Patients were randomized in a 2:1 ratio to receive intravenous radium-223 (50 kBq/kg) or placebo. Patients in both groups also received the best standard of care, which could include further hormonal manipulation and radiation, Dr. Sartor noted.

In addition to a significant improvement in overall survival — which led to the trial being halted early — there was a significant improvement in the time to a skeletal-related event (median, 13.6 vs 8.4 months; HR, 0.610; P = .00046).

In addition, 3 of 4 skeletal-related event components were significantly improved, Dr. Sartor reported. Two of these measures were halved by radium-223 — pathologic bone fractures (3.6% vs 6.7%; HR, 0.45; P =. 013) and spinal cord compression (3.1% vs 6.0%; HR, 0.44; P = .016). The improvement in spinal cord compression is "very clinically significant" because it can lead to great discomfort, he added.

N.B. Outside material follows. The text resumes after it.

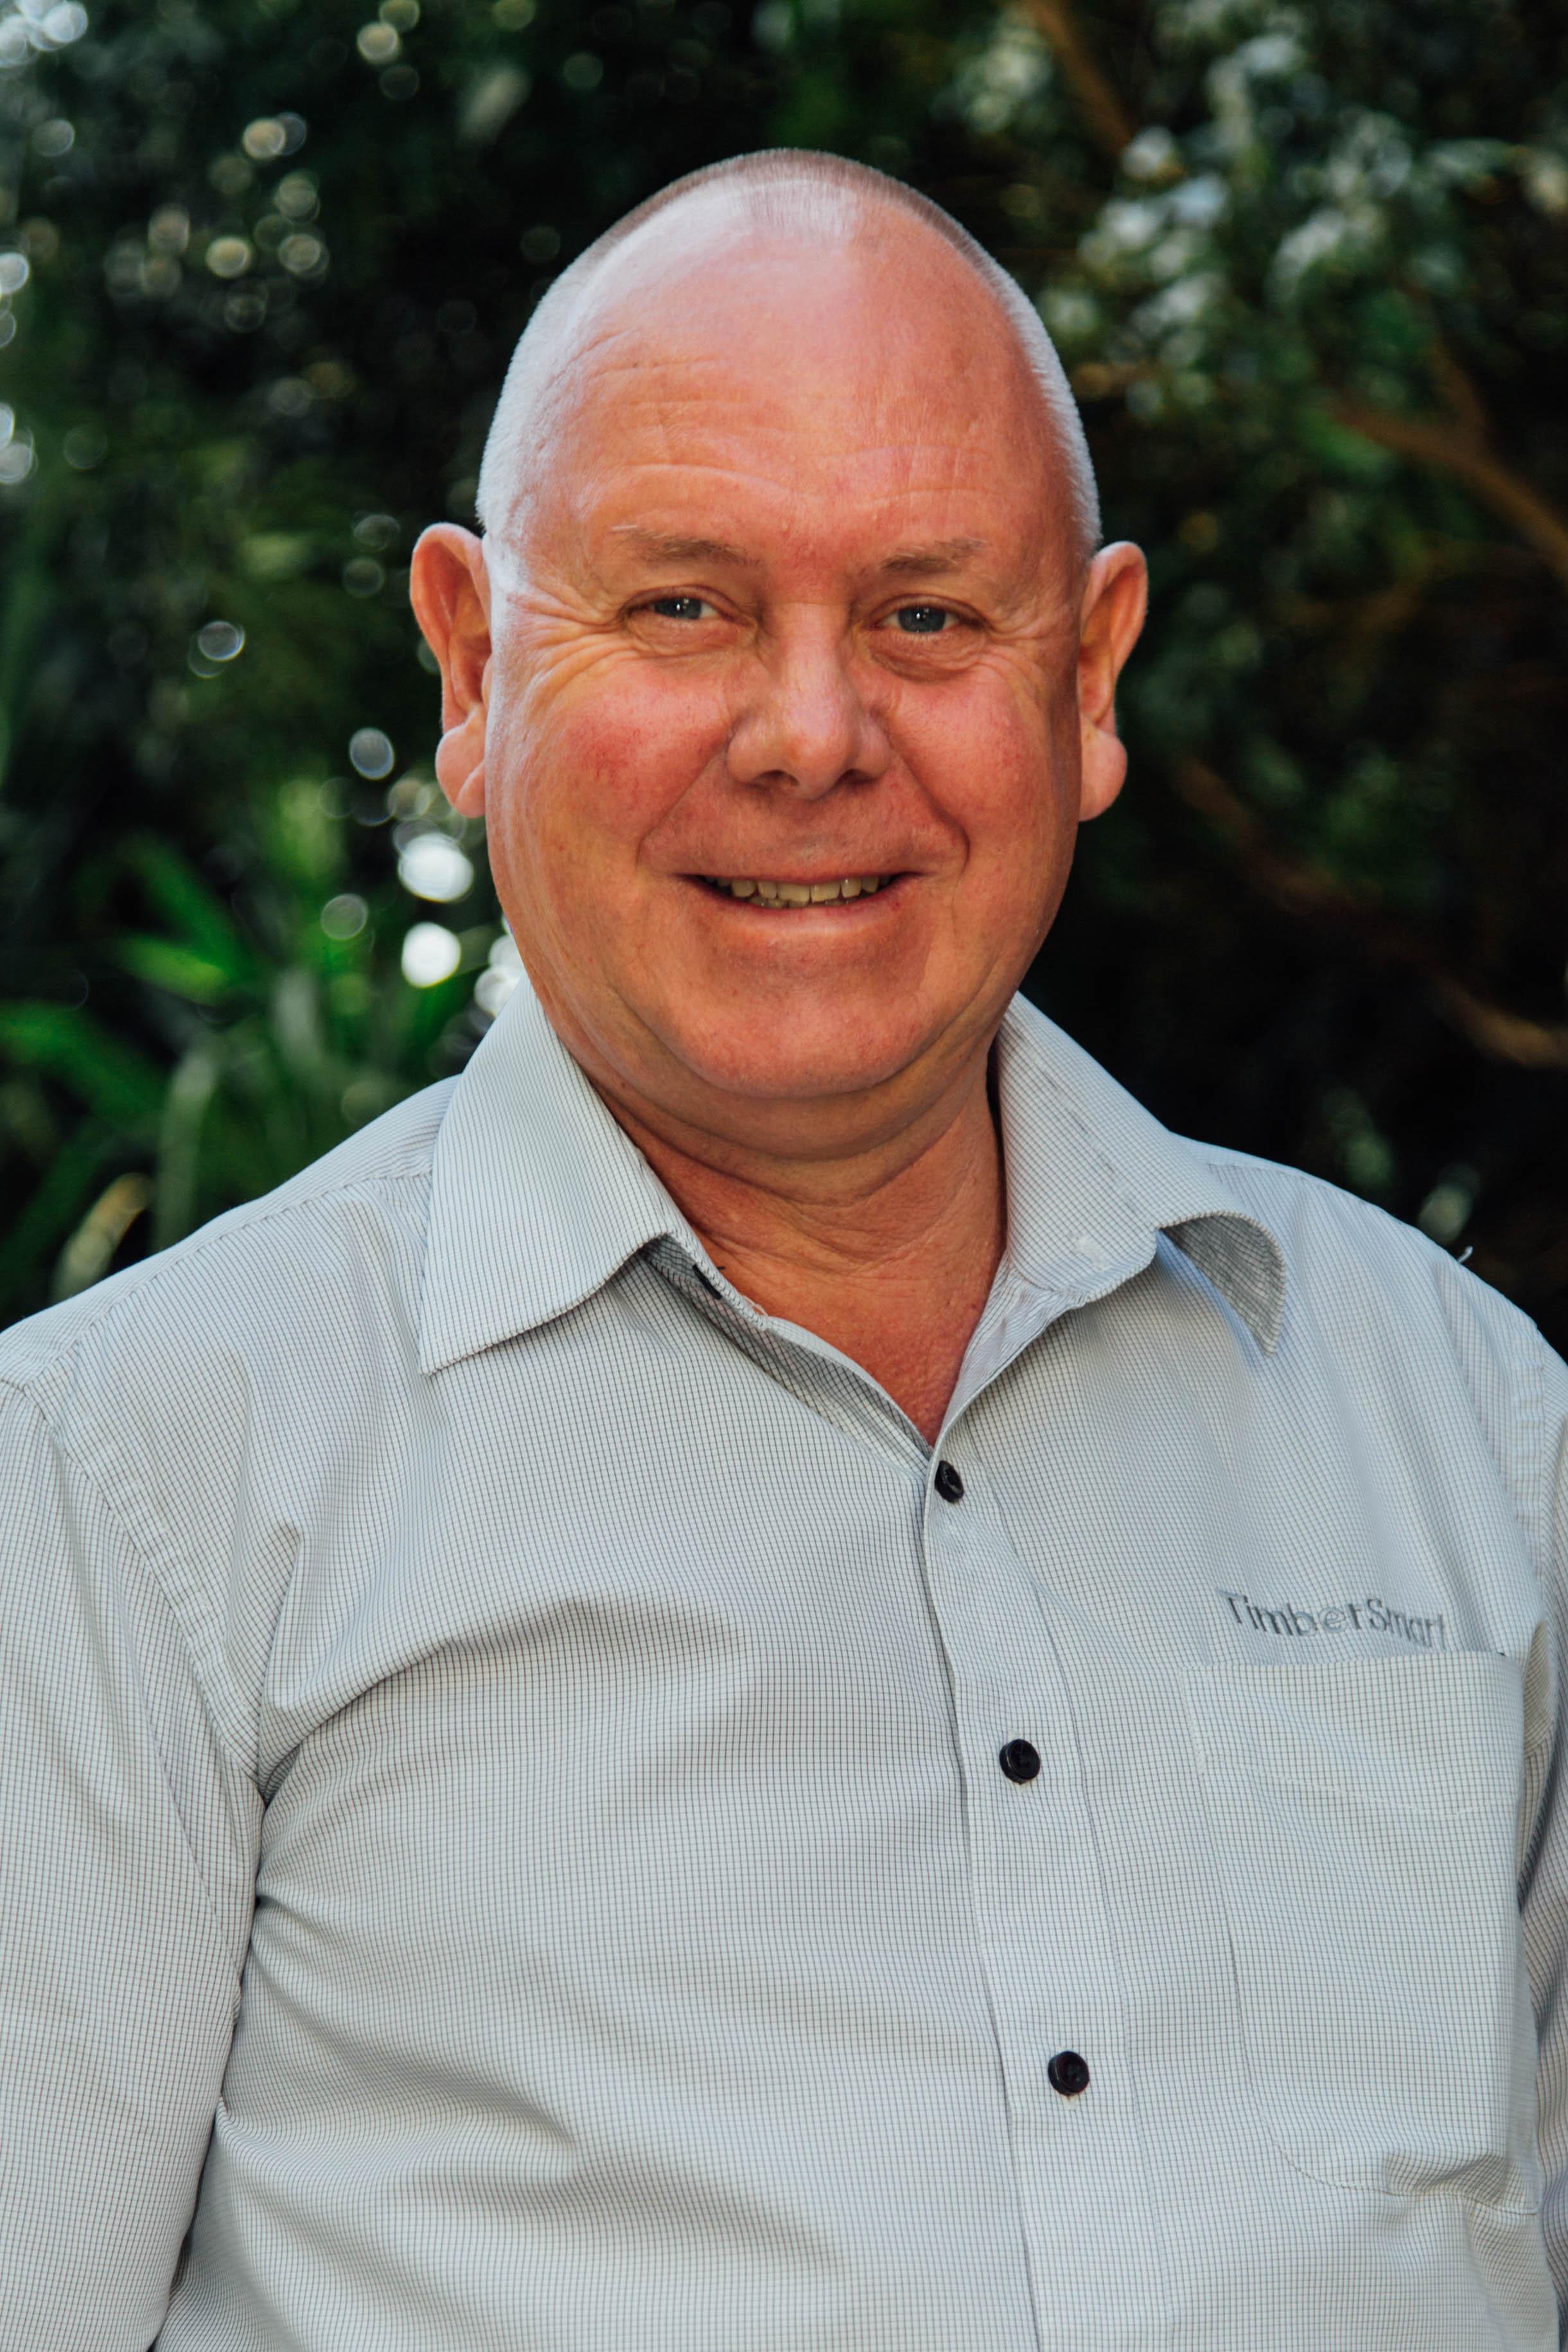 Chris Moysey - Managing Director
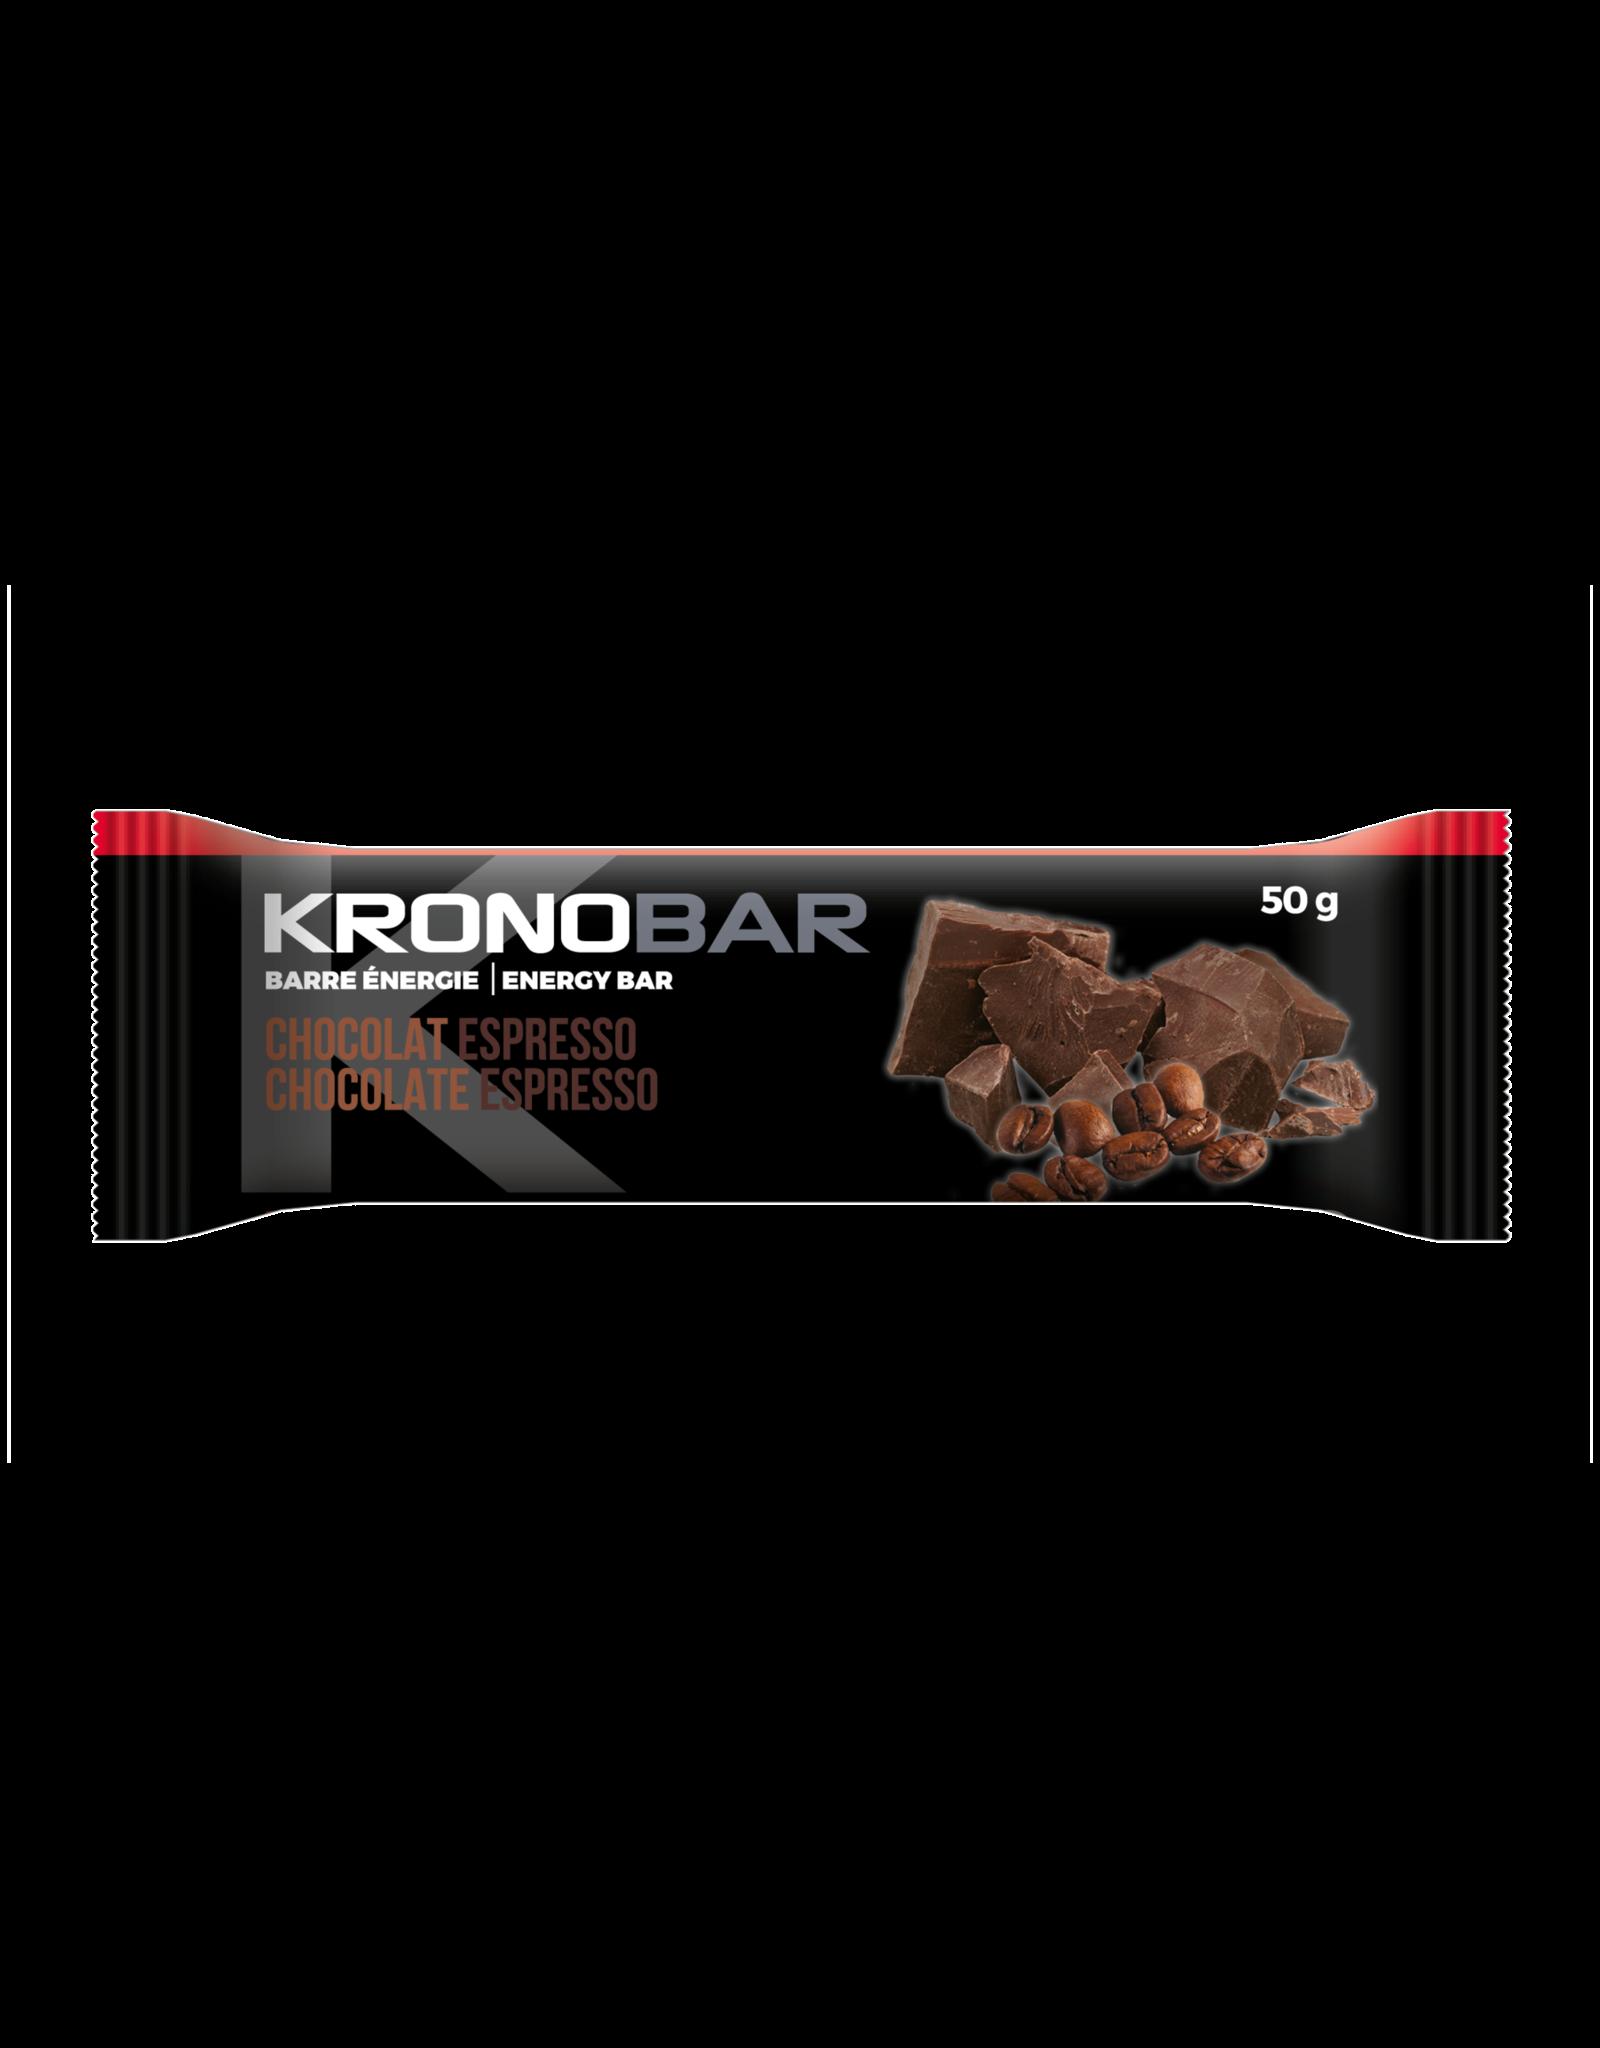 Kronobar Barre Kronobar énergétique (50g)

In addition, significantly fewer patients in the radium-223 group than in the placebo group received external-beam radiation (22.6% vs 26.9%; HR, 0.65; P = .0038).

Only 1 of the 4 measures — surgical intervention — was not significantly altered by radium-223 (1.7% vs 1.9%; HR, 0.80; P = .69).

The product is "extremely well tolerated," Dr. Sartor noted. The data he presented showed a very slight increase over placebo for most of the adverse effects, with the exception of bone pain, which was reduced.

Grade 3/4 Adverse Events Reported in ALSYMPCA

Events Radium-223 Chloride, % Placebo, %
Anemia 11 12
Neutropenia 2 1
Thrombocytopenia 4 2
Bone pain 18 23
Diarrhea 1 1
Nausea 2 2
Vomiting 2 2
Constipation 1 1


Dr. Sartor noted that the data from this trial should be sufficient for the approval of radium-223 chloride, and said that it might offer a "new standard of care for patients with CRPC and bone metastases."

One of Several New Agents

At the same presscast, data were presented on the use of the investigation drug MDV3100 (Medivation) in a similar patient population of CRPC patients who had progressed on docetaxel. They also showed a significant improvement in survival. Although these 2 drugs are mechanistically very different, they were both well tolerated in a sick population, so there is hope that in the future they could be used in combination, said presscast moderator Nicholas Vogelzang, MD, from US Oncology Research.

The question of which drug to use when will be intensified when these 2 drugs are approved; they will be joining 3 drugs recently approved for use in a similar population of patients with advanced prostate cancer patients — abiraterone (Zytiga, Cougar Biotechnology), carbazitaxel (Jevtana, sanofi-aventis), and the vaccine sipuleucel-T (Provenge, Dendreon).

It was only in 2009 that there was just 1 drug showing a survival advantage in the CRPC setting — docetaxel; now there are quite a few, Dr. Vogelzang said.

Each drug on its own has been shown to improve survival, but it is likely that combinations of these drugs, or using them in sequence, "may add even more value. While we have an important step forward now, it may be even more important in the future," Dr. Sartor said.

2012 Genitourinary Cancers Symposium (GUCS): Abstract 8. To be presented February 2, 2012.